We've certainly had our ups and downs, and no marriage is perfect but today is our wedding anniversary so I'm wearing my rose coloured glasses, the ones with the puppy and rainbow filters, lol, lol!


----------



## Kylie84 (May 4, 2012)

Awww! Love this post! Happy anniversary Mrs & Mr Frusdil ! Hope you both enjoy many more happy years together


----------



## imtamnew (May 13, 2013)

May God bless you both with more love everyday. Amen.


----------



## SimplyAmorous (Nov 25, 2009)

Yep... there are valleys and mountain top phases in every marriage.. but that's the beauty of it.. that no matter what... we're determined to dig our heels in, and get through it together.

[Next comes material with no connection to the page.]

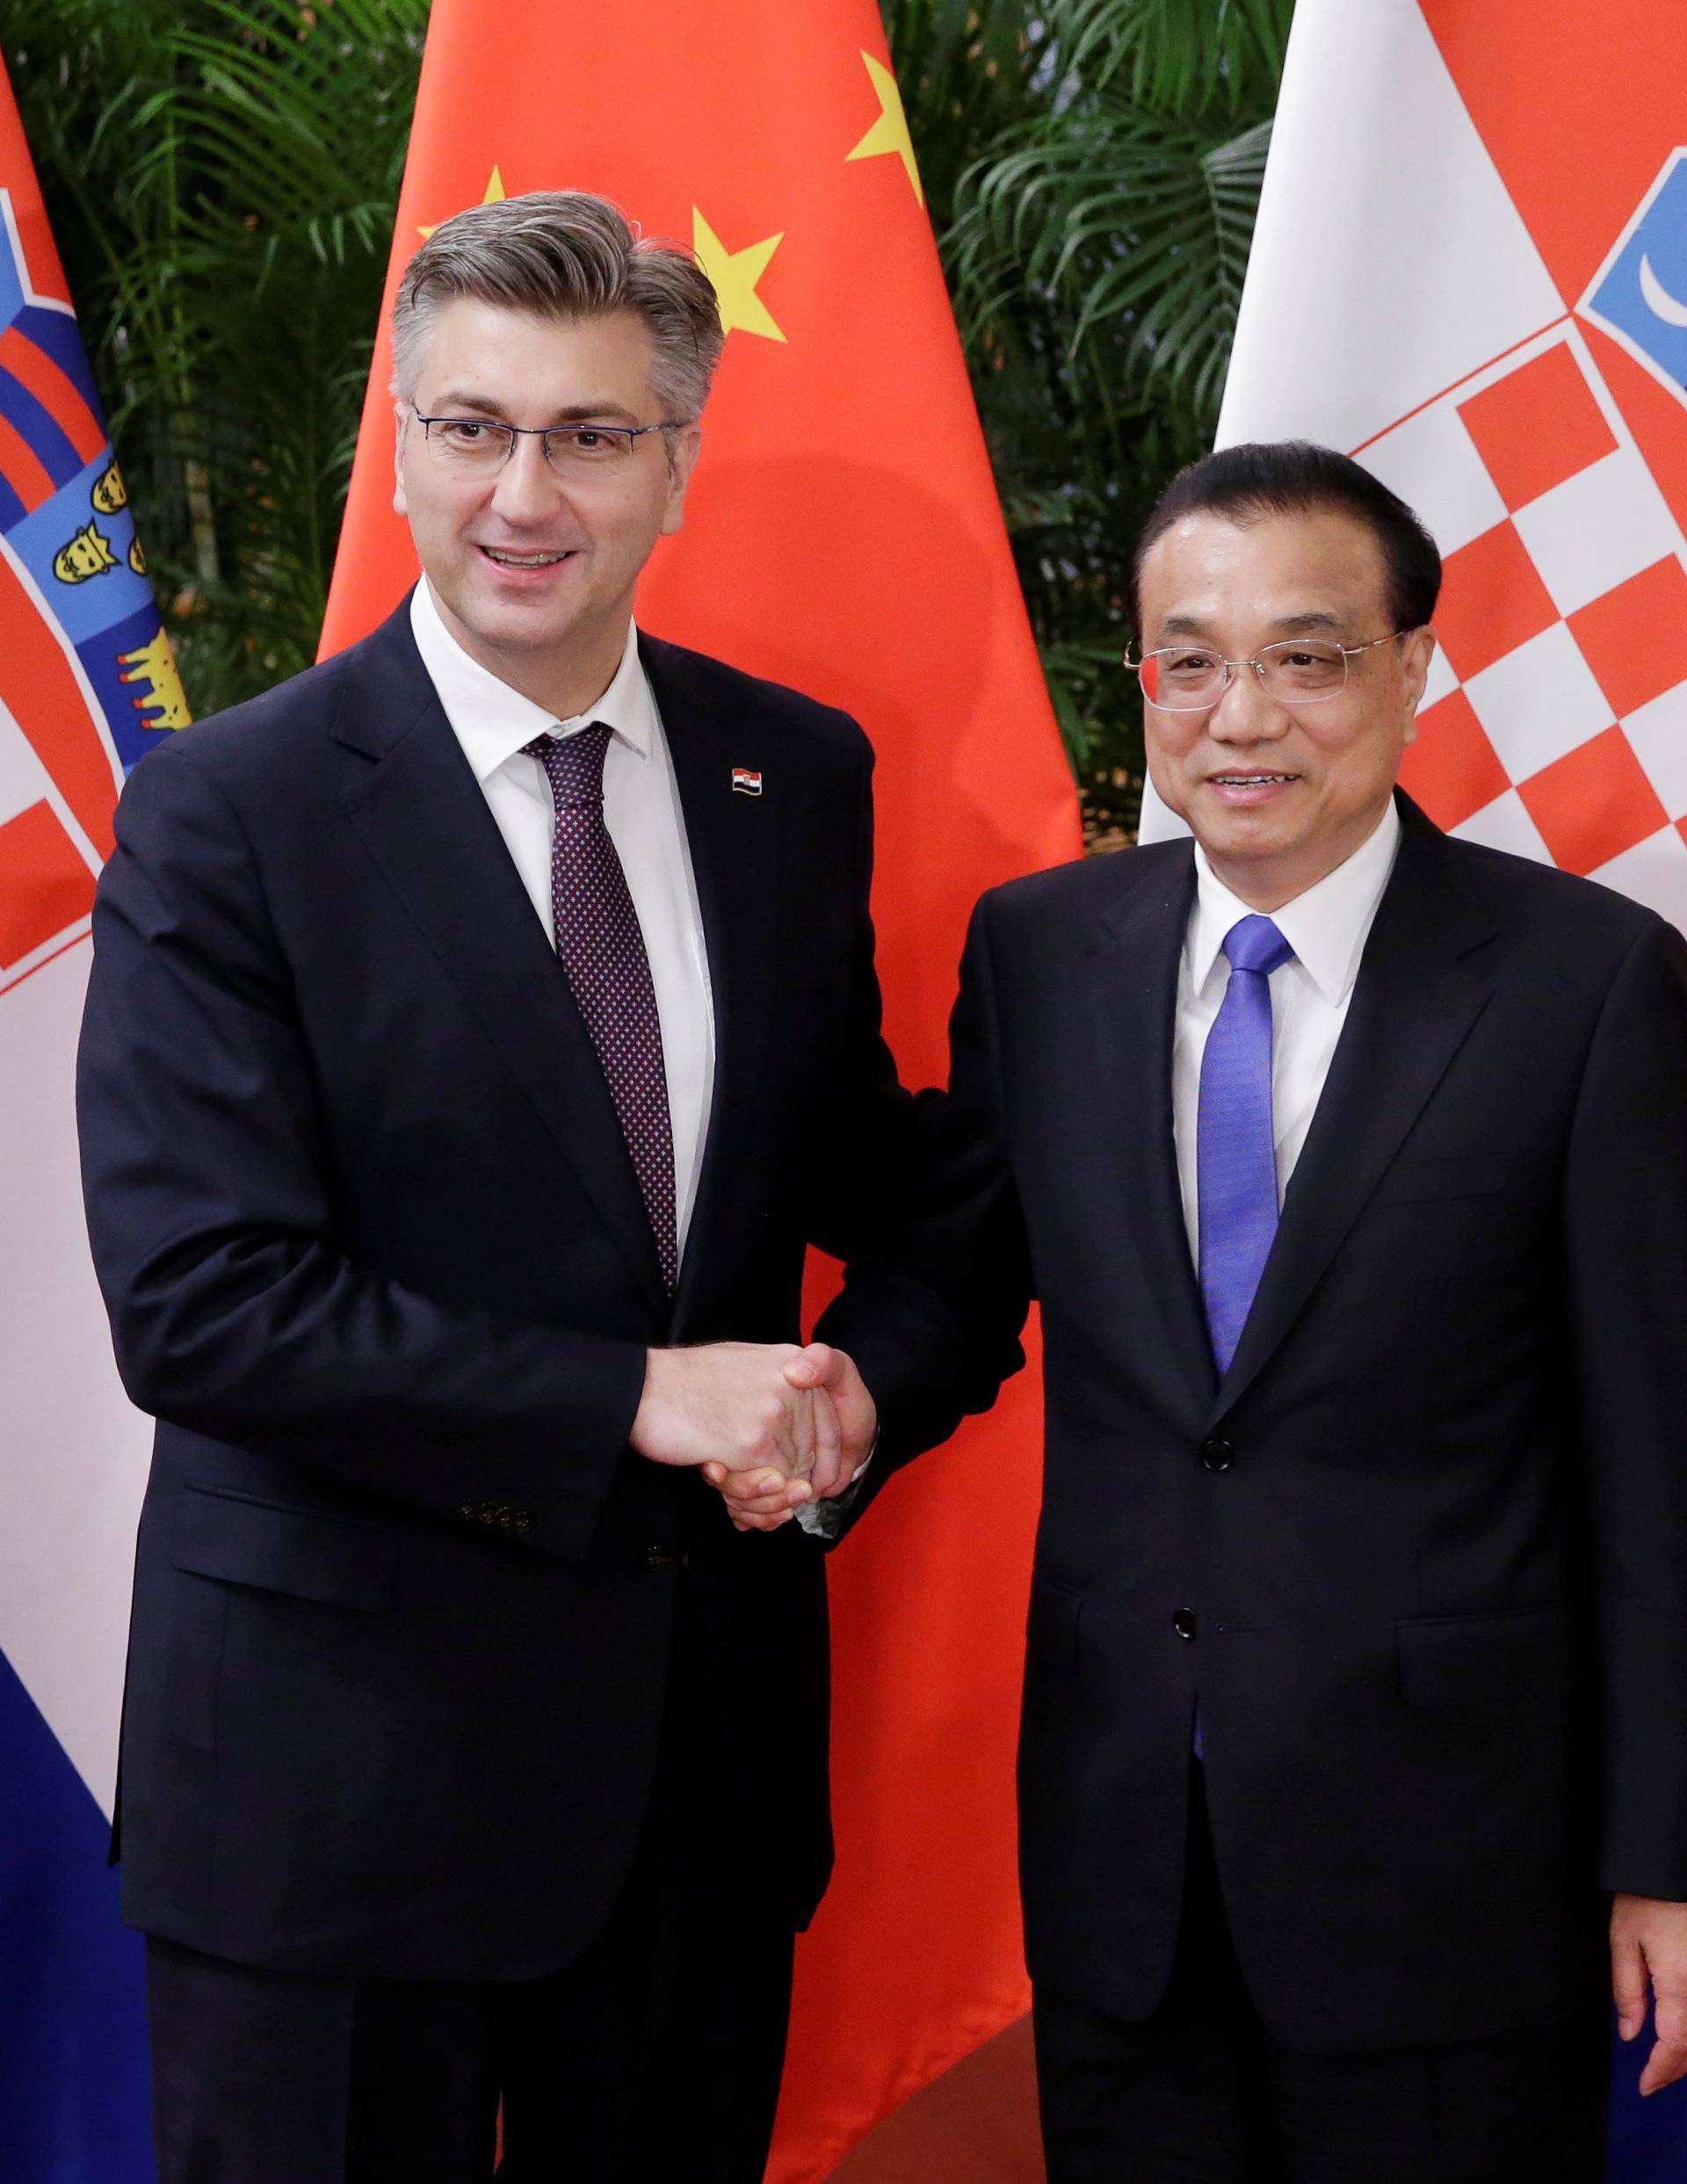 China's Premier Li Keqiang meets Croatia's Prime Minister Andrej Plenkovic in Beijing
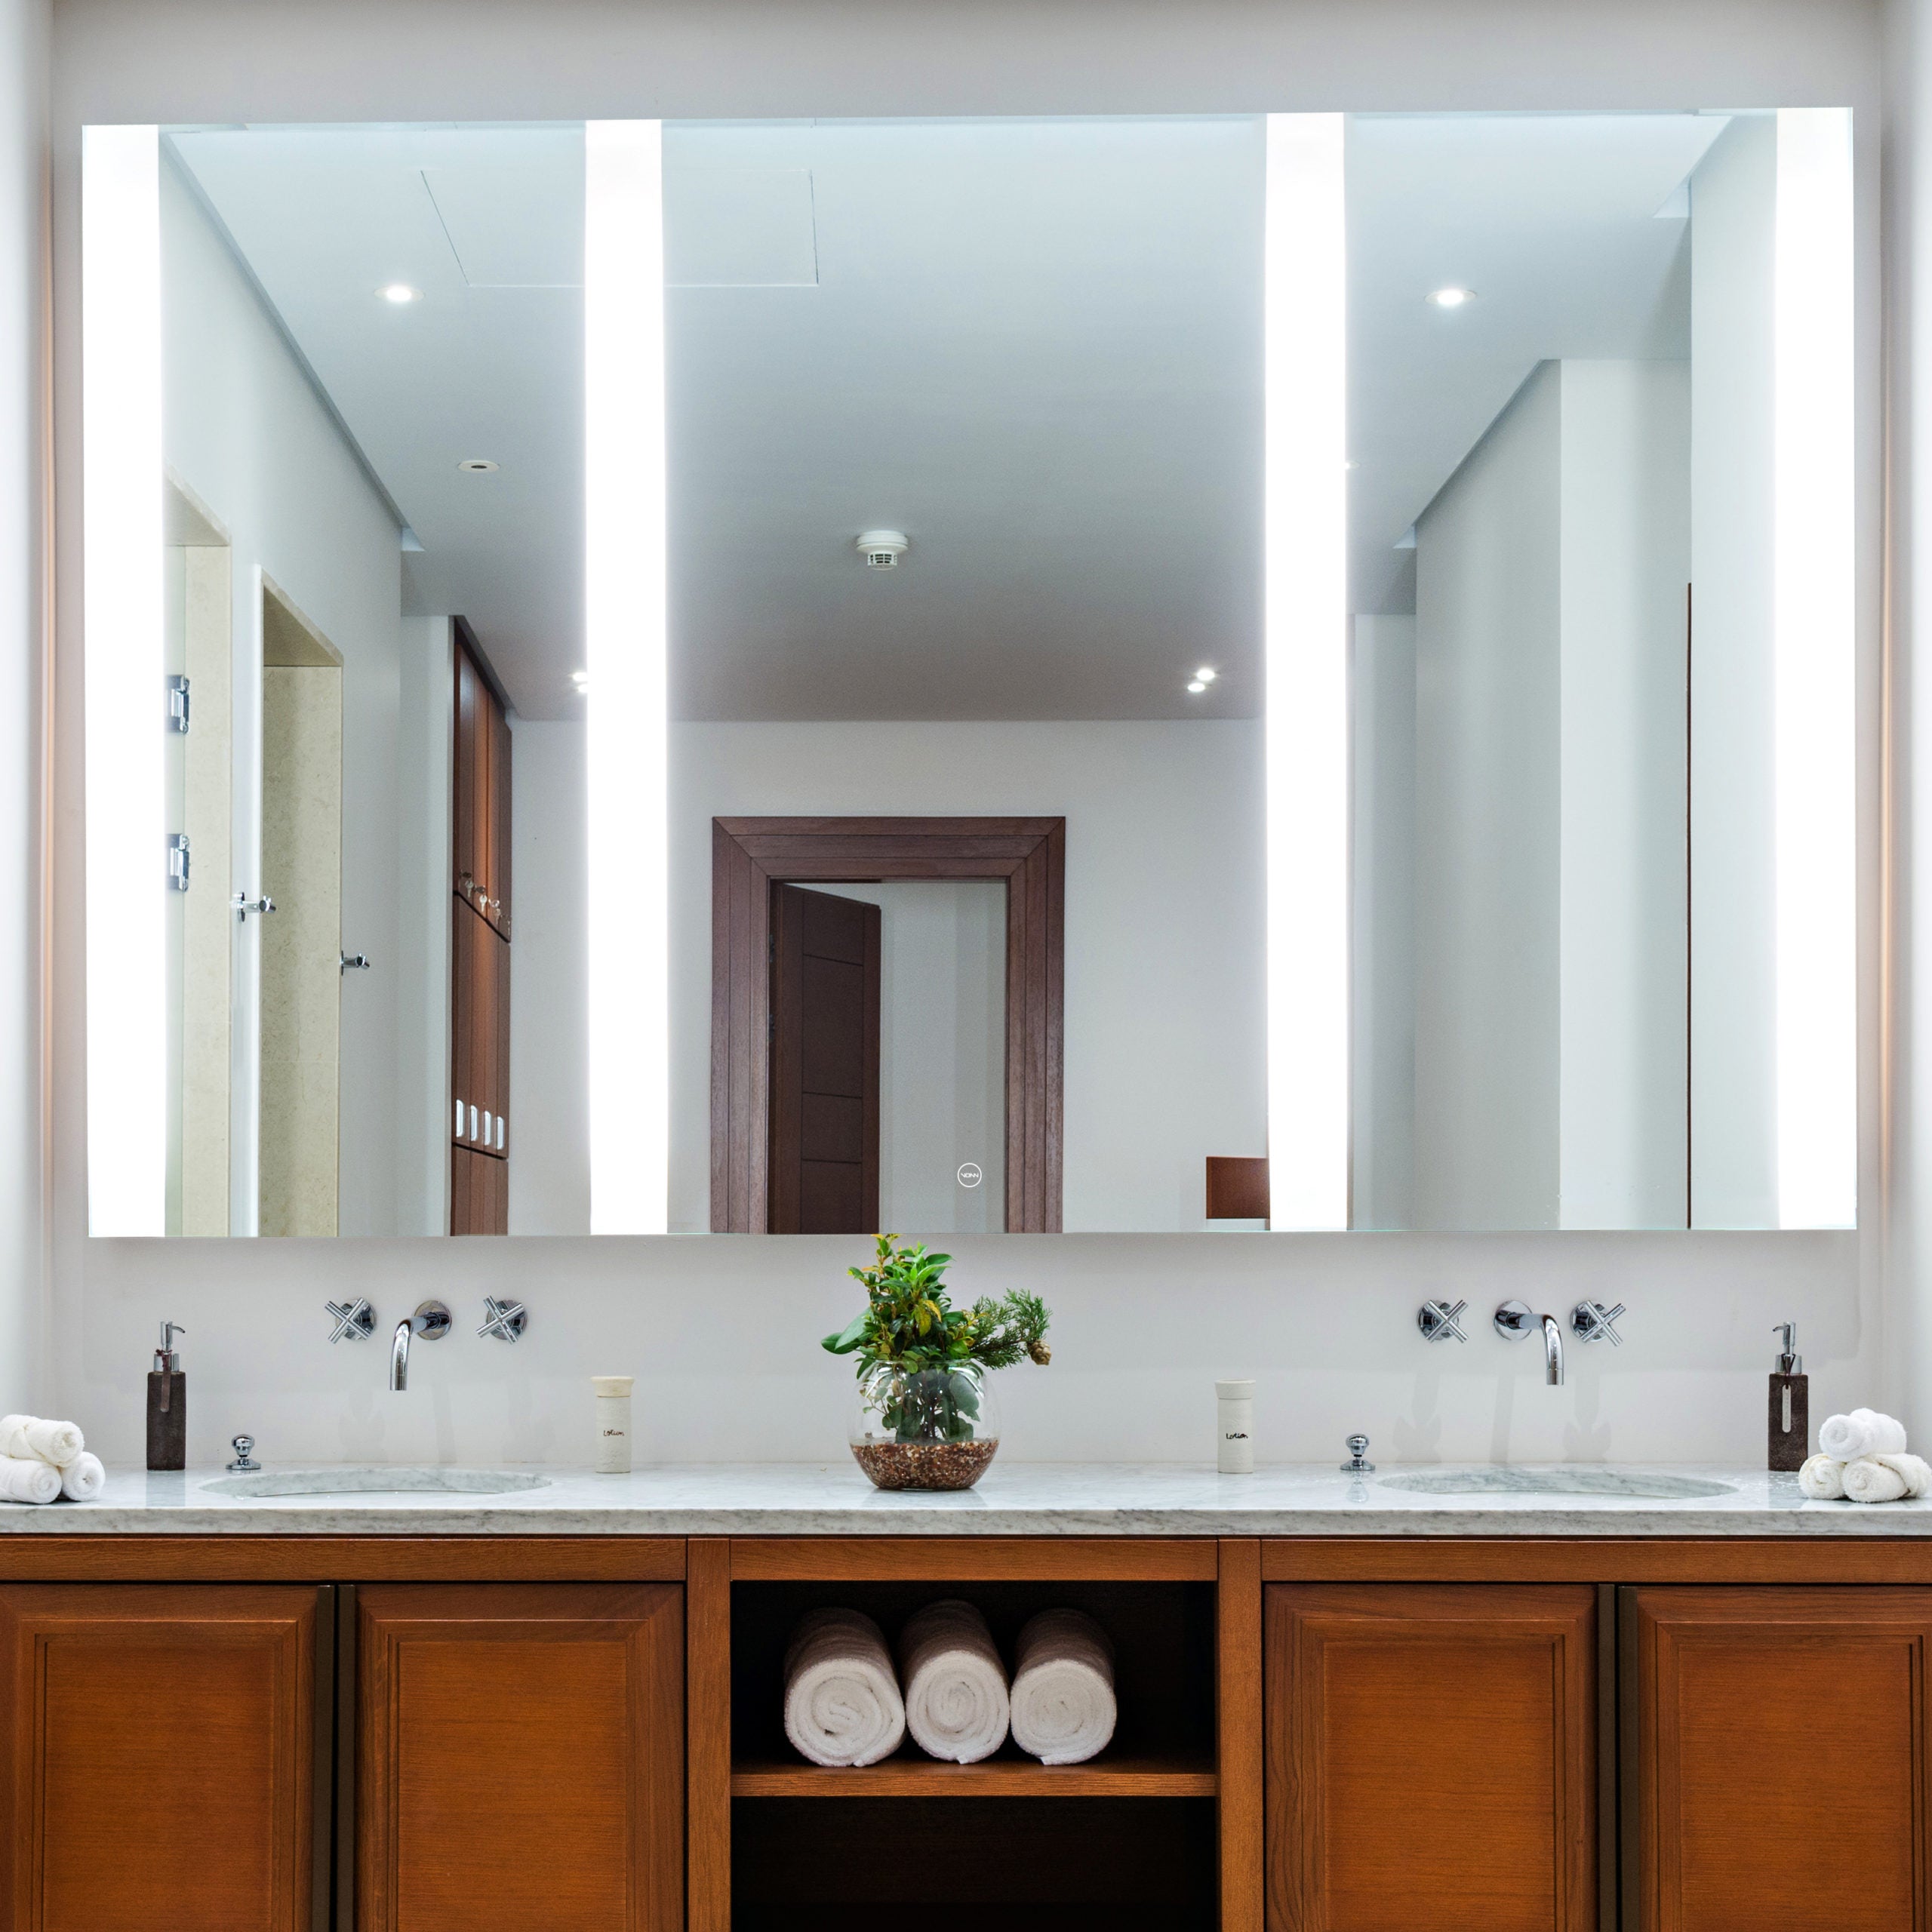 How do I choose a lighted bathroom mirror? – LEDMyPlace

Make some awesome memories today & don't forget the camera !


----------



## TBT (Dec 20, 2011)

Happy anniversary frusdil! Hope they only get better and better! We need to celebrate these positive occasions more on TAM.


----------



## sokillme (Jun 10, 2016)

Nice!


----------



## karole (Jun 30, 2010)

HAPPY ANNIVERSARY!! Wonderful post. I can relate - my husband is also my greatest blessing. Those of us that have exceptional spouses that make us happy and have given us the marriage we hoped for are very fortunate! Reading about marriage difficulties on this board over the years has made me realize just how fortunate I really am.


----------



## TeddieG (Sep 9, 2015)

Happy Anniversary, @frusdil, and congratulations!


----------



## BioFury (Jul 9, 2015)

Congrats!


----------



## jld (Dec 1, 2013)

Hope it was a great day, frusdil. And I totally agree that a good husband feels like the best thing that ever happened to a woman.


----------